Post-Mortem February 27, 2019
(all times in Mountain Standard Time)
1:30pm - An issue was identified by the team where call volume was abnormally low and began to investigate.
1:33pm - it was identified that Calgary was having trouble processing calls and registrations from devices. This was immediately escalated to our softswitch vendor while we investigated the core logs.
1:34pm - We attempted to redirect all traffic to the support Ottawa and Vancouver servers with a SIP 503 Redirect.
1:56pm - At the request of the softswitch vendor after investigating the system logs, a core reboot was completed on Calgary to restore services.
2:09pm - Calgary remained stable for a few minutes then proceeded to continue to fail to process calls again.

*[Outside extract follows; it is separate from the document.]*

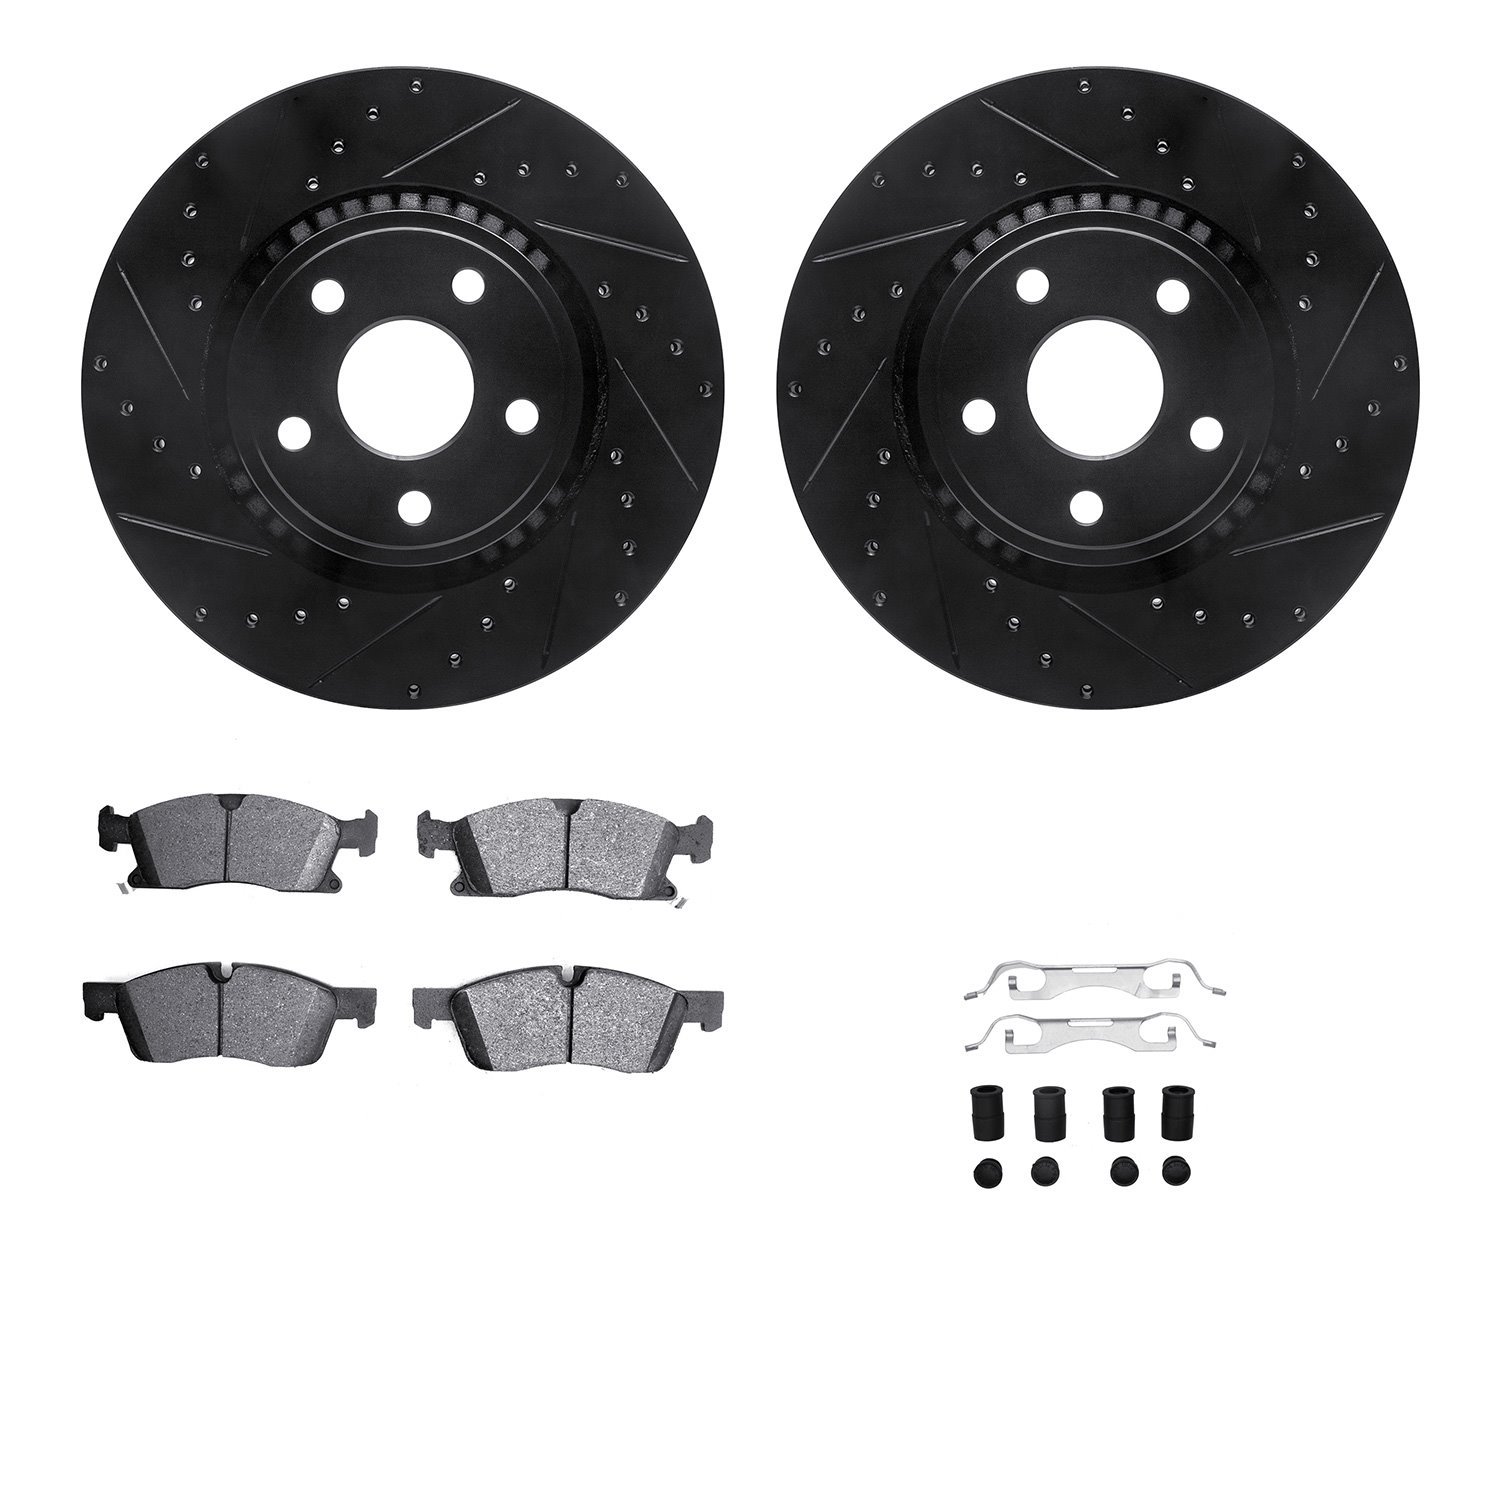 8212-42004 Drilled/Slotted Rotors w/Heavy-Duty Brake Pads Kit & Hardware [Black], Fits Select Mopar, Position: Front

2:10pm - A second core restart was completed and 503 was left in place until further investigation from the softswitch engineering team could be completed.
At this point most endpoints and calls were properly failed over to either Ottawa or Vancouver. Inbound and Outbound calls were being redirected from Calgary and process by Ottawa and Vancouver.
During this period some phones were unable to failover or were connected manually (such as SIP Trunks, softphones, manually configured devices, paging devices) to Calgary and could not fail over. These were offline during this period.
2:15pm - We began reaching out to customers with phones that do not support DNS-SRV for failover to assist with directing their traffic.
2:50pm - It was discovered that some SIP trunks were not configured properly to fail over and we began working to provide an solution for any out of service trunks.
3:00pm - An issue with SIP over TLS was discovered to be the culprit for the calls and registrations not processing. We began adjusting Calgary to disable TLS processing and began testing to confirm failure would not re-occur.
3:03pm - Once a solution was found for SIP trunks without failover, we reached out to partners to point them to sip.siplogin.ca which provides fail over without DNS-SRV.
3:15pm - After successfully verifying the issue would not persist we brought Calgary back online with limited functionality for TLS.
TLS should be impacting very few customers and only those likely with SIP ALG challenges moved to TLS to circumvent the SIP ALG configuration in the local network. If your phone is still unable to connect or make calls, please contact support and we will assist.
The Softswitch vendor has a patch being developed to resolve the TLS issue. There is no specific timeline when it will be available but we will provide a maintenance notification once it is available.
We believe all services have been restored in Calgary and we will be monitoring. contact support if you are experiencing any further issues.
Calls and phones should fail over to our other Data Centers in Ottawa and Vancouver. We'll update this alert as soon as services in Calgary are normalized.
At this time we are investigating intermittment issues affecting some calls.